DNA Solves Austin Yogurt Shop Murders 34 Years Later
Robert Eugene Brashers identified as killer of four teenage girls through breakthrough forensic evidence
Quick Facts
On December 6, 1991, four teenage girls—Amy Ayers, 13; Jennifer Harbison; Sarah Harbison; and Eliza Thomas—were murdered in a North Austin yogurt shop. The girls were bound, gagged, and shot before the shop was set on fire. The case would remain unsolved for three decades, haunting the Austin community and the families of the victims.
In October 2025, Austin police announced a major breakthrough: DNA evidence has identified Robert Eugene Brashers as the killer. The development came through meticulous detective work and advances in forensic technology that finally allowed investigators to match biological evidence found at the scene.
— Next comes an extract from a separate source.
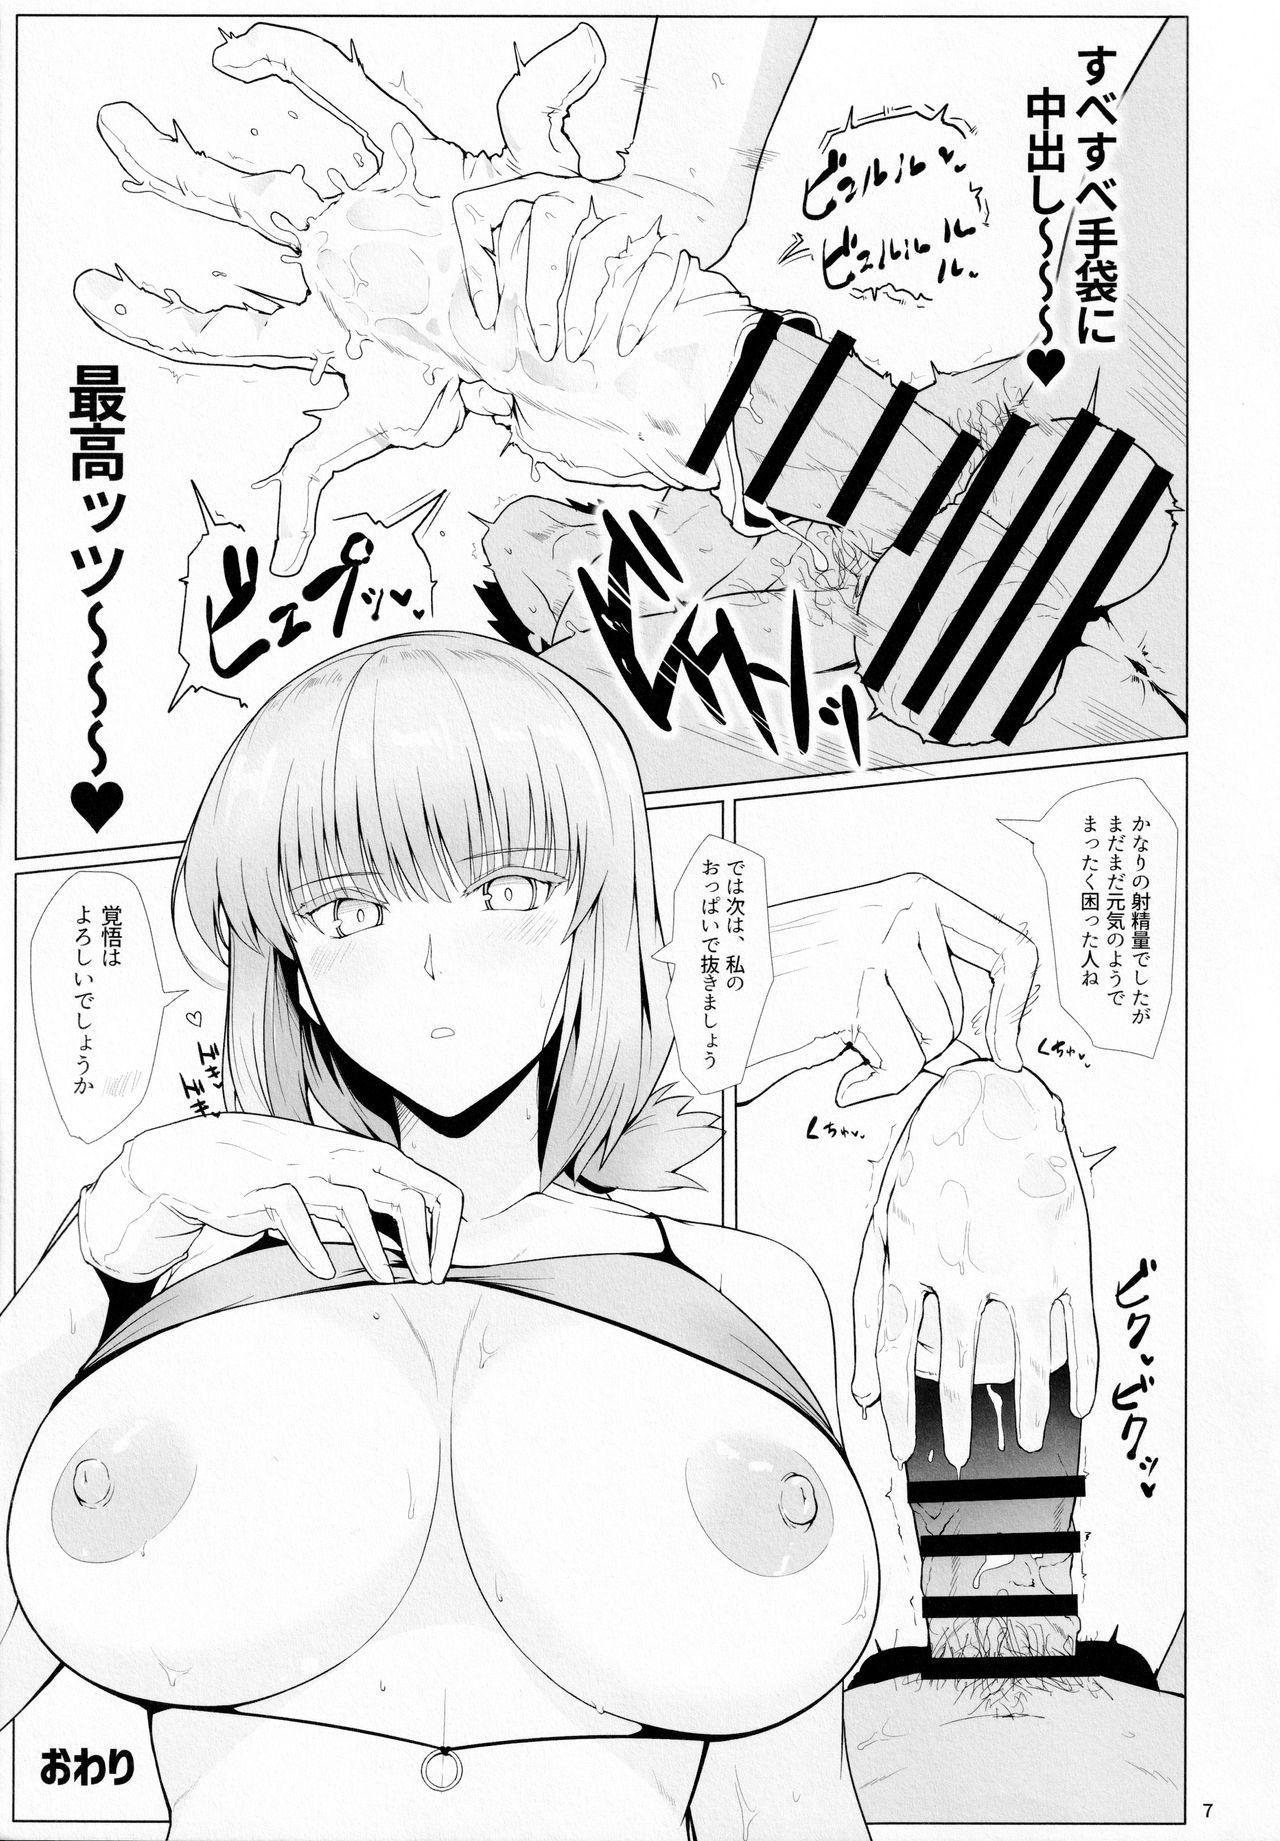 Chaldea Shiko Shiko Material Vol. 1 5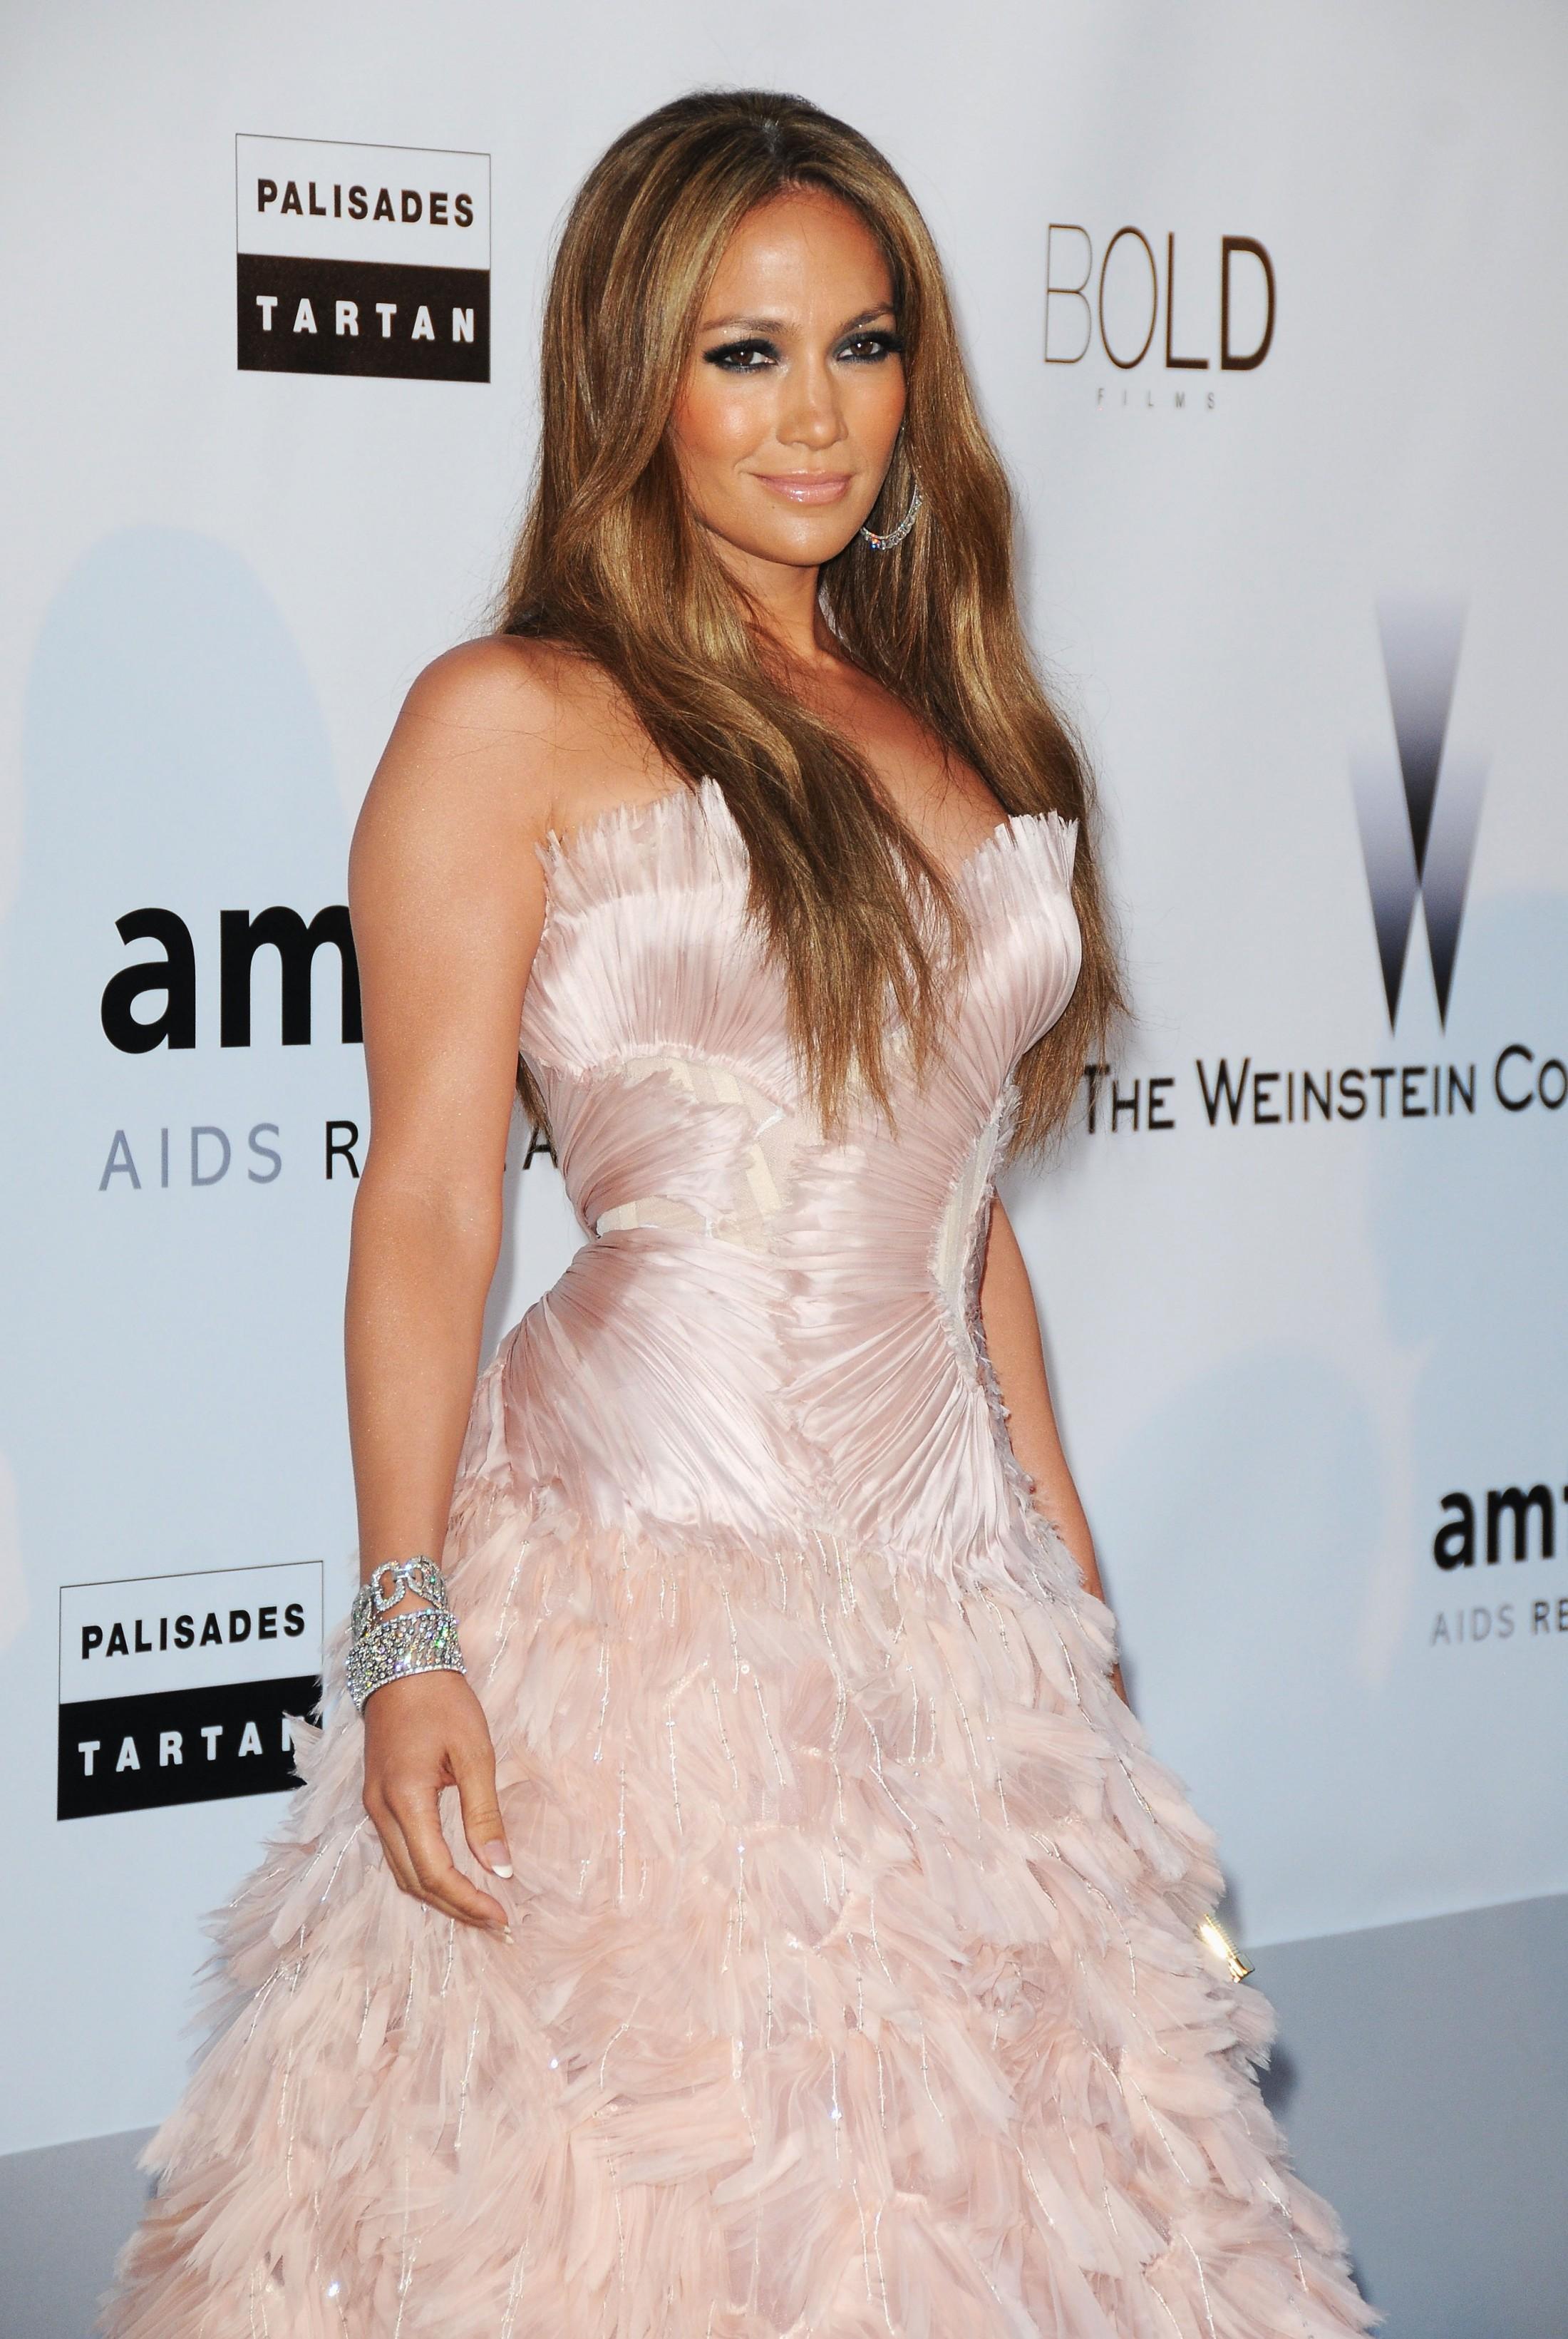 Jennifer Lopez 2010 : jennifer-lopez-at-amfars-cinema-against-aids-2010-benefit-gala-02

The key piece of evidence came from Amy Ayers herself. DNA recovered from under her fingernails—evidence she left while fighting back during the attack—matched Brashers with odds of 2.5 million to 1. The match was confirmed through retesting in August 2025, linking him definitively to the crime.
Lead Detective Dan Jackson spearheaded the reinvestigation, resubmitting DNA evidence in late June. Ballistics analysis followed on July 2, when a .380 caliber shell casing recovered from the yogurt shop was matched through the federal database to a 1998 cold case in Kentucky—a case that also involved Brashers. The convergence of evidence painted a clear picture of a serial offender responsible for multiple murders across several states.
Brashers' criminal history spanned the nation. Before his connection to the Austin murders, he was linked to homicides and rapes in Missouri and South Carolina, with a confirmed 1990 murder in the latter state. The same weapon used in the 1998 Kentucky case was connected to the yogurt shop shooting through ballistics analysis.
Brashers never faced trial for the Austin murders. He died by suicide in 1999 during a police standoff, taking his own life as law enforcement closed in.